Right. If we're picking up that, you're spending a lot of time, like I said earlier, on payroll or bookkeeping, and we offer that service, we want to be able to help you out, right? We also want to know where you are on your retirement. And for that, we need to know how much money can we, put toward retirement by looking at what that reasonable time figure is doing, Social Security analysis and that type of thing.
So definitely during intake, if this is a client that you're already working with and they are kind of going through that growth pattern from kind of start up through, now quite profitable, and you want to do an entity planning review with them, do that each and every year. Because it our, our planning tool will show you whether it makes sense or not.
And that can be very valuable. It seems like all small business owners somehow, someway have a friend that knows what entity they should be. We want them talking to the pros about what entity they should be, and our, entity planning tool will help demonstrate that maybe it's not time to move up to an S-corp. There's more compliance costs.

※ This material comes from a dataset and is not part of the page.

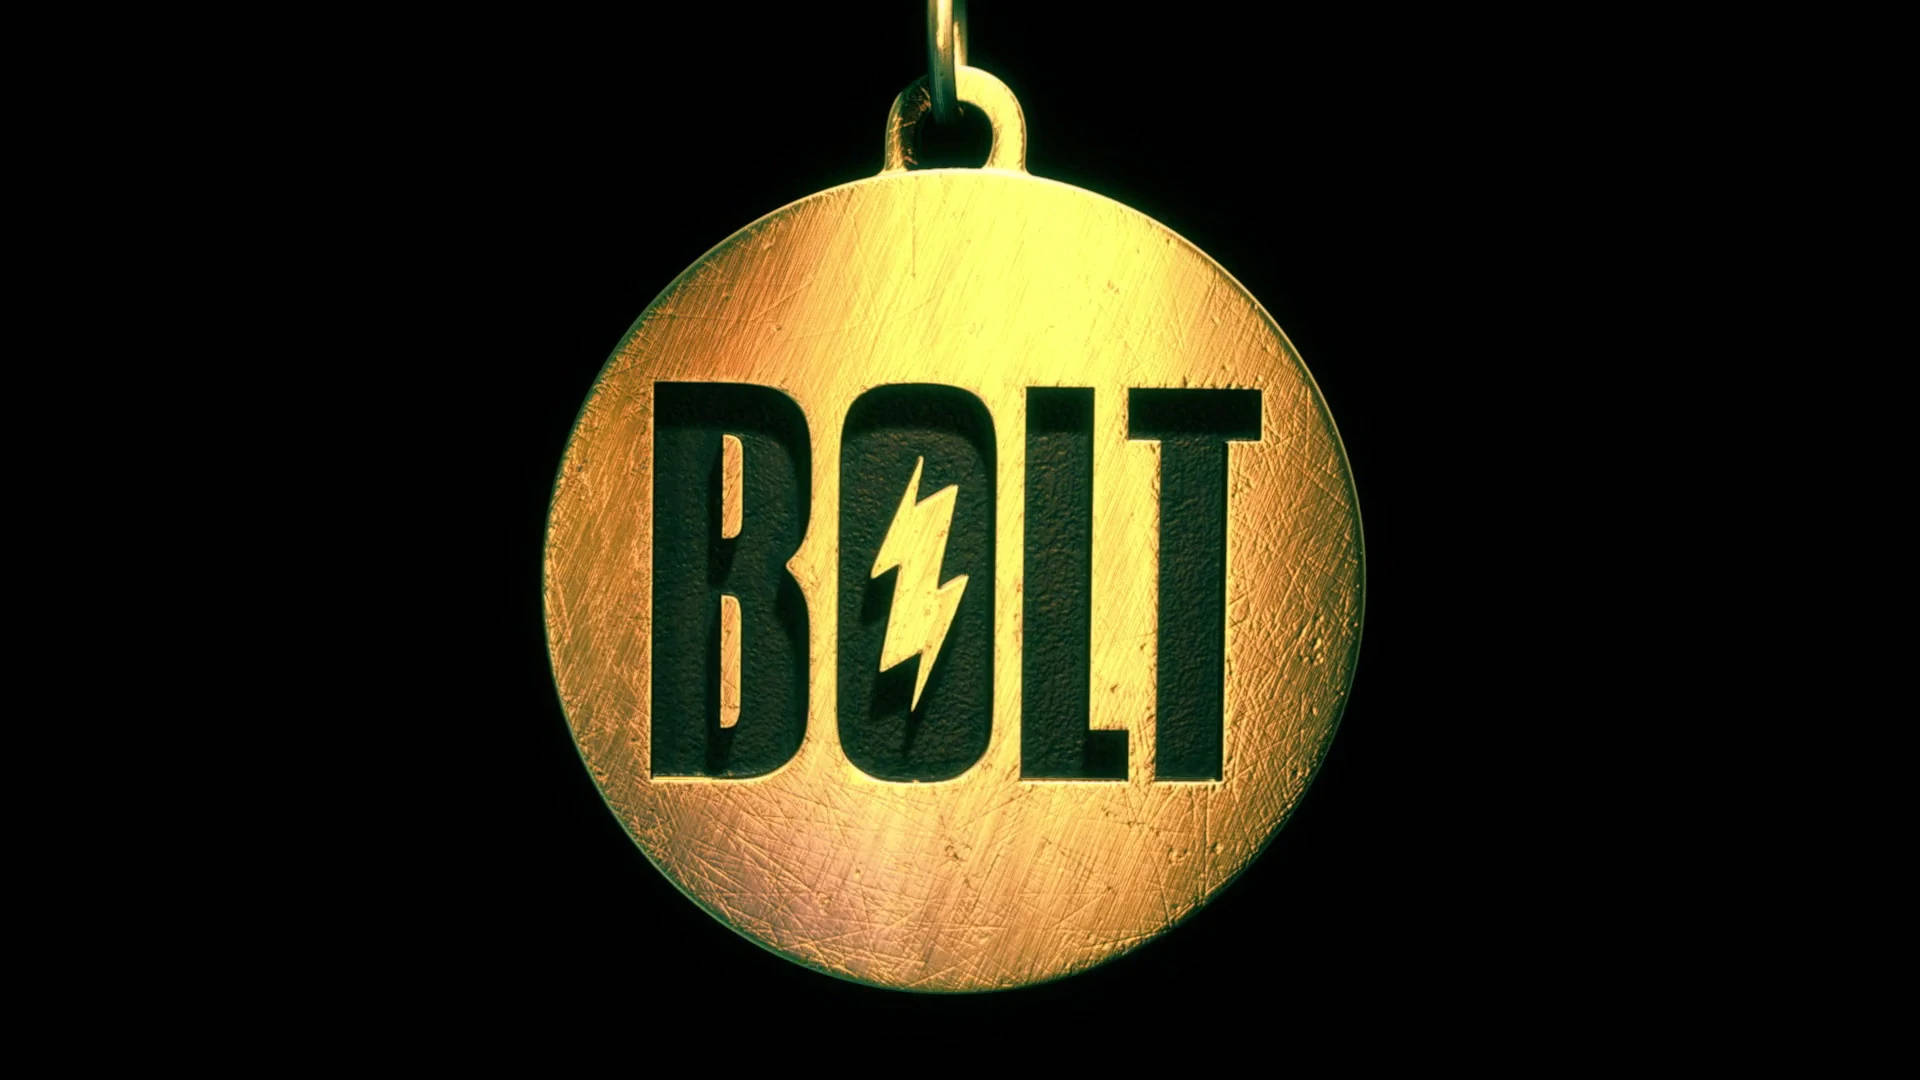 Bolt Gold Medal In Black Background
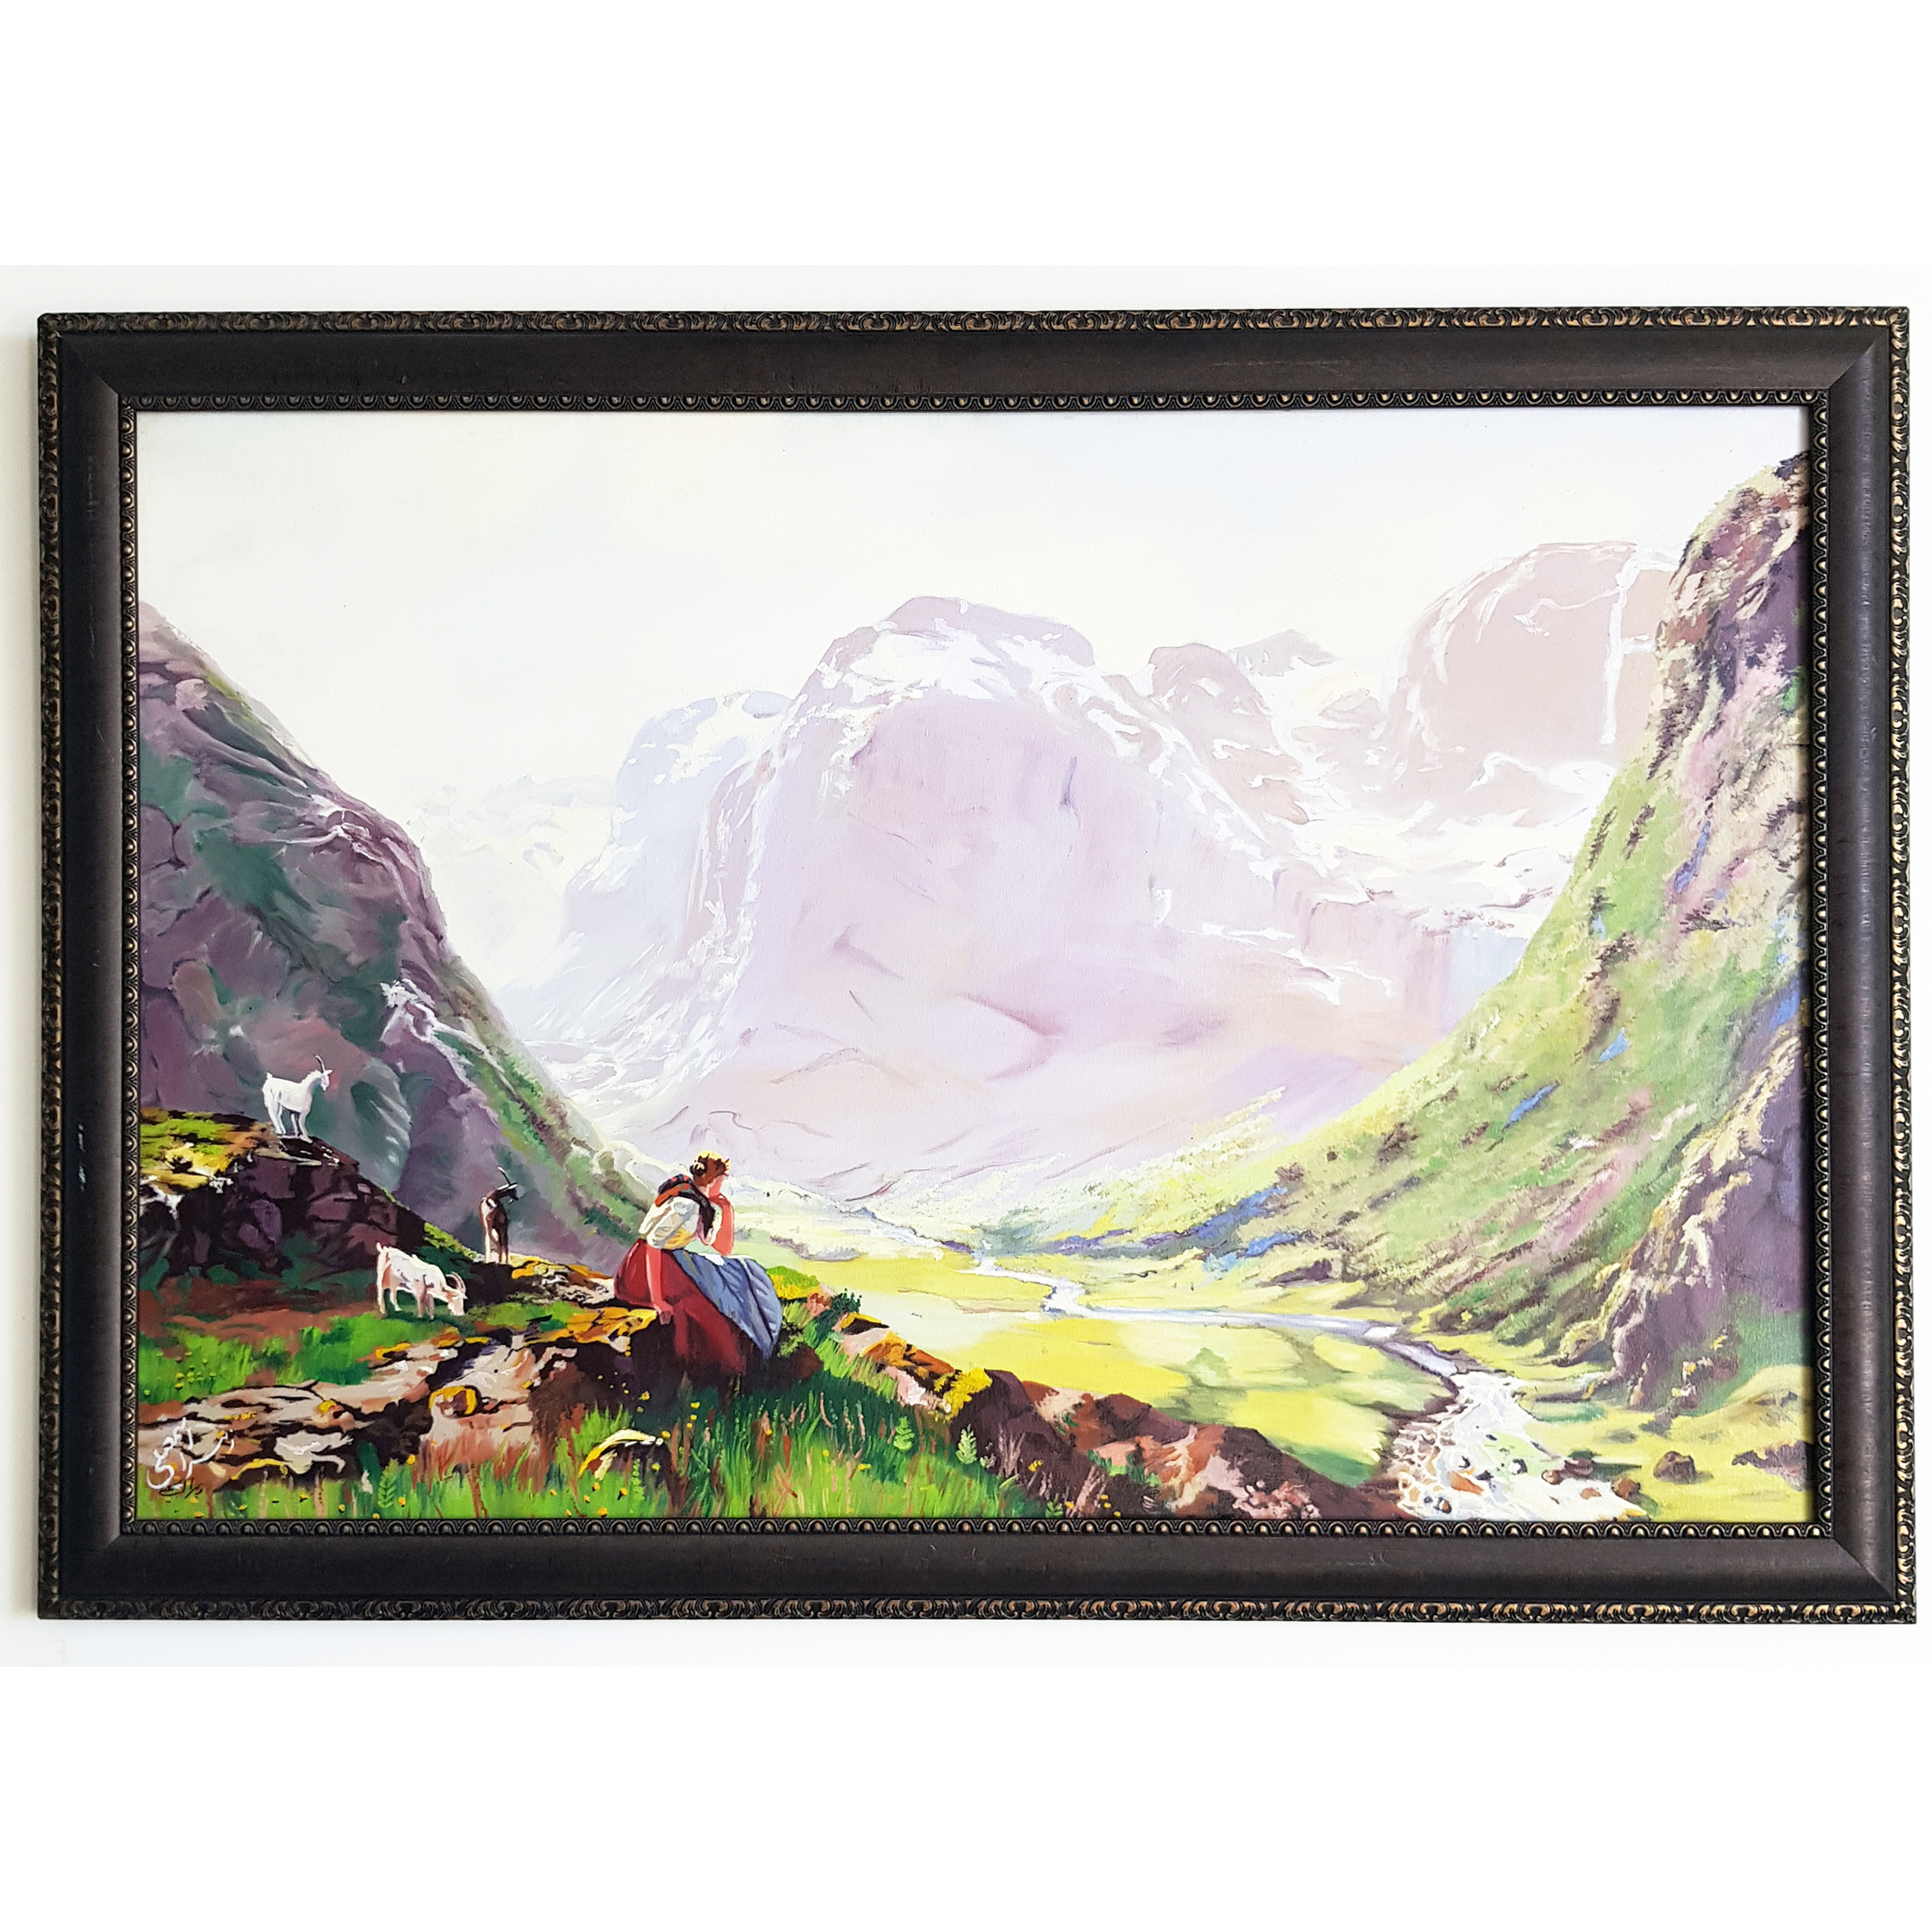 تابلو نقاشی رنگ روغن طرح دختر در کوهستان

There's more costs in general. And so that's a valuable piece of information to be able to share with the client as well. Yeah. That's interesting. So it almost sounds like this is a fantastic way to almost perform an assessment on a client and a complimentary assessment, maybe even to understand them more, to find out how you can help them grow their business or even save on taxes or whatnot.
This is just one, one additional tool in their arsenal. This is a fantastic tool if you're working with small or medium sized businesses. It's a foundational number to know as you're doing any kind of planning with them. But year to year you can run that same entity planning analysis. It'll still show them what the tax savings are by being an s-corp and or, minimizing that tax burden from, payroll taxes.
So there's a lot of value that you can show your client in a very deliverable, very tangible way with these reports. Interesting. Okay, shifting gears just for a moment, what are some strategies that you found were red flags to avoid when it comes to advising clients and retaining clients and making sure that they see value in your services?
So for the for the accounting practice, this is my biggest suggestion. And you likely have heard this from Eric Green, Don Roland and many others. You're the professional advisor. They need to listen to what you have to say. So if you can get them away from myths in a way, away from asking Google what they might want to do, right?
That's a great a great first step and strategy, because if you are working with them, you want to be driving the bus, not them. Okay. Excellent. Well, Paul, if anybody's listening and they're interested in learning more about your service, your offering and RC reports, where do they go? RC reports.com. There's a wealth of information on there.
Our we have, probably close to 100 different blog articles on very technical topics and on advisory topics all over the place. So take a look at those. But if you're interested and get to know more about the product, I'd say jump on a short demo. They're about 30 minutes long. Our demo team is awesome. They do a great job not only showing the the software, but they have a little fun along the way doing it.
So it's enjoyable process for everybody. And take a look at the tool if it's the right tool for you adopted into your practice. Okay. Perfect. Well, Paul, thank you so much for being with us today. Absolutely, Adam, thank you so much for having me on. As I said at the beginning, I was I've been really looking forward to, jumping on this podcast for quite some time.
Excellent. Well, I'm glad you did. And to everyone listening or watching, thank you so much for spending the last few minutes with us as we discussed how to escape the accountant's trap. Bye for now.